Copy out each line of the entries where the word "from" is present.

+++

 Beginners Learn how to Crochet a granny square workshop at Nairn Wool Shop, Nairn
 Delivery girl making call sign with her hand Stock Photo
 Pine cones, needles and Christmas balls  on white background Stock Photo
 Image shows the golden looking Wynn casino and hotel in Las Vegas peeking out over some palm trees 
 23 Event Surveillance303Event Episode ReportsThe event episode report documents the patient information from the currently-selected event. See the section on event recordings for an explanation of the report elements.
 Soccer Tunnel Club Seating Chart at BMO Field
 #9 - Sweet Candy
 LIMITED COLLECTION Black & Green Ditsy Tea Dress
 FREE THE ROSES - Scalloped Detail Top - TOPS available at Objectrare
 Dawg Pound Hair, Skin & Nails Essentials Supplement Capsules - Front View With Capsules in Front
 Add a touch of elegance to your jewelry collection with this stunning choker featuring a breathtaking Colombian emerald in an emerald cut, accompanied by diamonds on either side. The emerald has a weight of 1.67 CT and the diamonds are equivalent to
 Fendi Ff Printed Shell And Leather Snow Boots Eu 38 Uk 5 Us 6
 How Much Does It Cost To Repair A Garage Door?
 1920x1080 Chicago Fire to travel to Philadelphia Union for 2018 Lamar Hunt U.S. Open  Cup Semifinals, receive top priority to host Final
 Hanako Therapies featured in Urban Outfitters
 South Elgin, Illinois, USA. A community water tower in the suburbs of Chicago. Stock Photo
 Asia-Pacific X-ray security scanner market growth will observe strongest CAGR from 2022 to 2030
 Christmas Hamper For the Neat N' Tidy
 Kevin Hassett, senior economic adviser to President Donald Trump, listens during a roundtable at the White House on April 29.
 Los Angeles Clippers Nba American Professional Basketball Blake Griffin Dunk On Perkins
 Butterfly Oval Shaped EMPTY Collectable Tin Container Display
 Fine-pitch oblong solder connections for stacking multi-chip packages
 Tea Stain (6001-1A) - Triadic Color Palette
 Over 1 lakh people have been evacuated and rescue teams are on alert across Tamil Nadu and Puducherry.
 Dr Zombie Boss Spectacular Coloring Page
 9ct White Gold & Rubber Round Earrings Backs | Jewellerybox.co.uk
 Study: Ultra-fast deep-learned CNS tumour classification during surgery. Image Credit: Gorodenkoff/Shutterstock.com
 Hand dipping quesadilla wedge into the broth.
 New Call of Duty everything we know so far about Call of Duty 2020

+++

**TASK SOLUTION:**
 23 Event Surveillance303Event Episode ReportsThe event episode report documents the patient information from the currently-selected event. See the section on event recordings for an explanation of the report elements.
 Asia-Pacific X-ray security scanner market growth will observe strongest CAGR from 2022 to 2030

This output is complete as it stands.